Разговор с классиком

Андрюшка Смолкин подвизался в Союзе писателей в качестве критика. Это очень удобно, когда сам ничего не можешь- хвали других, и людям приятно и себе почетно. Вообще то он никакой не писатель, обычный журналюга, большую часть жизни кочевавший из газеты в газету. В конце нулевых, когда количество печатных изданий стало сокращаться, Смолкин пошел в педагогику, деньги хоть и небольшие, но заработок стабильный. Так и существовал.
Вообще то членам Союза писателей еще с советских времен можно было не работать, считалось, что у них литературный труд, за который положены от партии и правительства всякие поблажки. Теперь времена не те и губернаторская подачка в 1000 рублей от нищеты не спасает, все кто не пенсионного возраста, где то работают.
Отношения с Союзом у Андрюхи складывались неровно. В свое время, как и положено, он исправно бегал за водкой, корчил из себя придурковатого молодого литератора и изрядно посадил на пьяном деле печень. Некоторых молодых после такого испытания принимали в члены Союза. Конечно, если была толика таланта. У Андрюхи таланта не было, но великое желание стать членом писательской организации  не давало покоя.

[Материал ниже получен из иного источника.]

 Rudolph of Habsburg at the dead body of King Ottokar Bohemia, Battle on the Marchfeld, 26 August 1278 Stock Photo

Какими то неправдами поступил на литературные курсы в Москве, обзавелся связями, неустанно трудился на ниве публицистики и наконец выпустил книжку  тиражом 100 экземпляров о творчестве провинциального критика, замученного депрессией, которая  свела его в могилу при помощи строительного пистолета. Обычная  краеведческая брошюрка, каких издается тысячи. Но Андрюха не будь дурак, дал делу ход и правдами-неправдами вступил таки в Союз писателей.
Местные, хорошо знавшие уровень Смолкина от такой наглости просто обалдели, во первых в традиции отделения было не брать в состав откровенных бездарей, во вторых инородцев вообще не брали ни при каких обстоятельствах. А тут оба компонента налицо и, на тебе, приносит Андрюха в отделение бумагу, что в самой Москве принят в челны писательского Союза, и надлежит ему теперь встать на учет по месту жительства.

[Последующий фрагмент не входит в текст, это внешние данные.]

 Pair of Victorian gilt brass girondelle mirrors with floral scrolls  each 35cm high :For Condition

Долго ждал доморощенный критик, пока снизойдут земляки на милость, еще книжку выпустил о местном авторе, хорошем, хоть и не великом поэте и опят хвалил его без всякого удержу.
Это сработало. Престарелые литераторы, у которых после распада советского строя были  две главные проблемы: их никто не печатал и никто не читал, взбодрились. Может Андрюха, раз уж он критиком назвался, то и о нас скажет доброе слово.
Но Смолкин не спешил обрадовать коллег по цеху. Нет, конечно  он писал о сорокалетних прозаиках, но все больше болтовню разного рода, словеса, закрученные в неуклюжие обороты. Словом владеть Андрюха так и не научился... Прошли годы и вот, наконец, выдал критик работу о своем давнем приятеле Володьке Кудрявом. Тот когда брал его на работу в редакцию. Володька был уникальным типажом. Всю жизнь проработал большим начальником, сохранив при этом тонкую поэтическую душу. Он пытался понять всех и каждого и когда отказывал в финансировании очередного проекта, очень жалел просителя. Володька, даже при должности, писал простенькие и очень искренние стихи, это подкупало. Жаль рано умер. Проклятый алкоголь-беда русской литературы.
Андрюха схоронил немало друзей - писателей. В отделении было традицией- сначала пить беспробудно, потом сгинуть от водки, а если не случилось, то публично каяться и проклинать инородцев, которые якобы споили гениев русского народа. Зачем эти гении  пили? - вопрос не стоял.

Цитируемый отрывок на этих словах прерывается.